Some of the Martian vistas are actually quite beautiful, and the makeup for the Tharks is appealingly Whovian.

Abraham Lincoln vs. Zombies


L to R: The daughter of a prostitute Lincoln secretly loves, the 16th President of the United States, the 26th President of the United States.

By far my favorite of The Asylum’s “tie-ins” (as the studio prefers to call them), Abraham Lincoln vs. Zombies is nearly as fun as Abraham Lincoln: Vampire Hunter. Bill Oberst Jr. makes a fantastic Lincoln, no lie. He also carries around a Swiss Army scythe in his long black coat, and dispatches zombies with great (bad) one-liners like “Emancipate this!”

Lincoln is in the middle of writing his Gettysburg address when he gets word of a soldier suffering a mysterious illness. He happens to have experience with said illness, having killed his own zombiefied mother as a young boy. He leads a covert mission into the heart of the outbreak, heading up the newly formed Secret Service who all dress exactly like him—minus the top hat. And that, my friends, is how you pull rank.

Lincoln meets and teams up with so many historical figures during his quest that it becomes almost laughable, until you realize  you’re watching a middle aged Abraham Lincoln gruesomely decapitate a bunch of zombies. Like a boss. One of the members of the Secret Service is an actor named John Wilkinson who’s no fan of our 16th President.

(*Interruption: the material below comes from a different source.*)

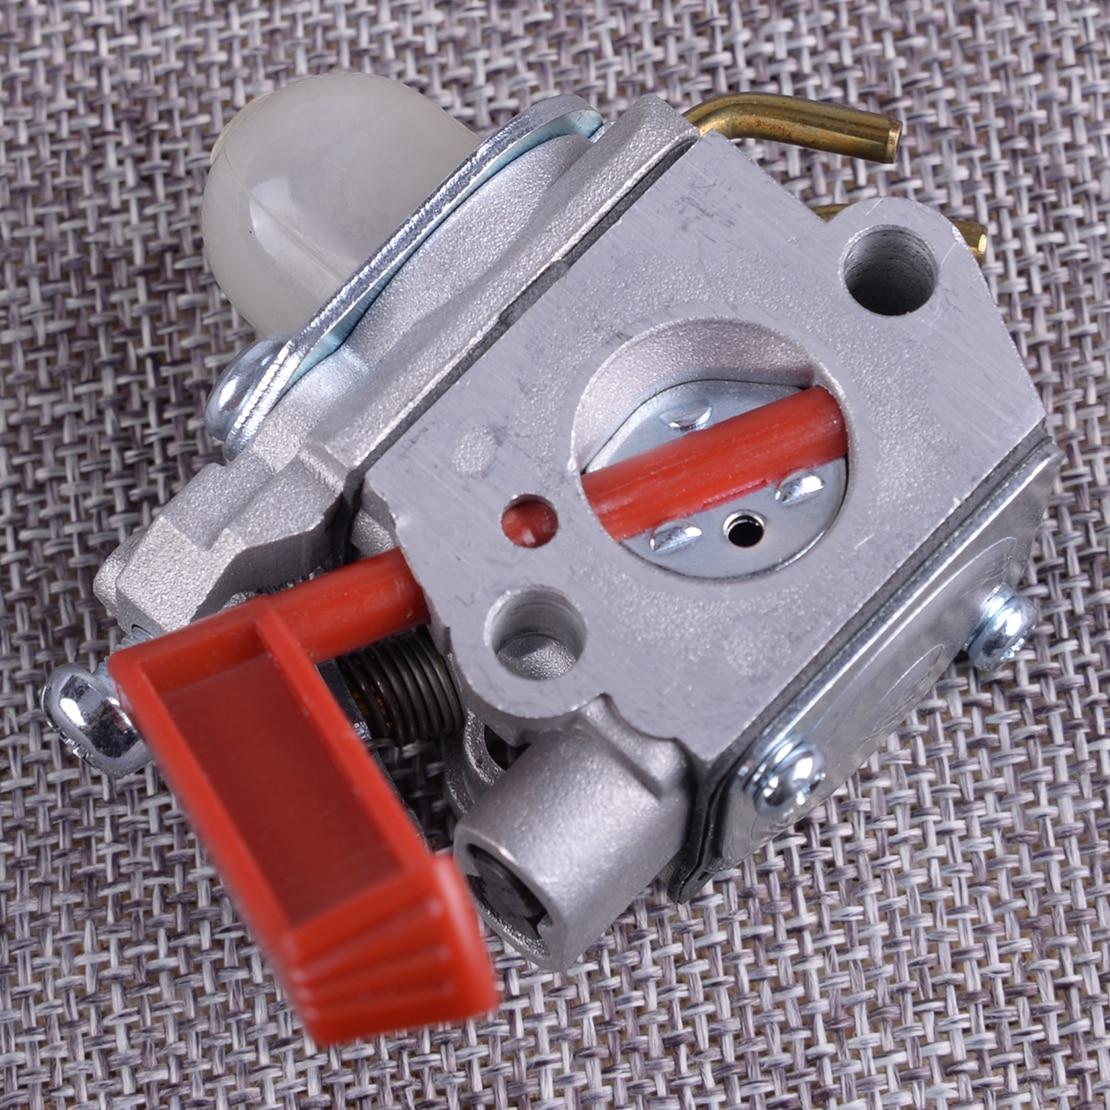 LETAOSK Carburetor Carb 984534001 Fit For Homelite F2020 UT-20788 F2020 UT-20789 F3040 UT-15176

He gets his opportunity to fully express his displeasure later, as I’m sure you’ve guessed (hint: he took a slightly different stage name), though the circumstances are served up with a horror twist.

There is an absolutely stunning arrangement of “Johnny Comes Marching Home” played over a montage of the Secret Service prepping for battle that is totally worth the price of admission (that is to say, free on Netflix).

Also, prostitutes!

Truth be told, I probably won’t give any of these movies a repeat viewing (except AL vs. Z), so using the word “favorite” in my subtitle may be a bit strong. I’m glad I gave them a chance, though, as they were never anything less than fun. All of them have those inadvertent laugh lines that can bring a movie viewer such unexpected delight, and some performances—like Bill Oberst Jr.’s—even reach a state of grace.

I hear good things about Asylum’s version of H.G. Wells’ The War of the Worlds; really good things, actually. Thanks to these films, I won’t hesitate to add it to my queue.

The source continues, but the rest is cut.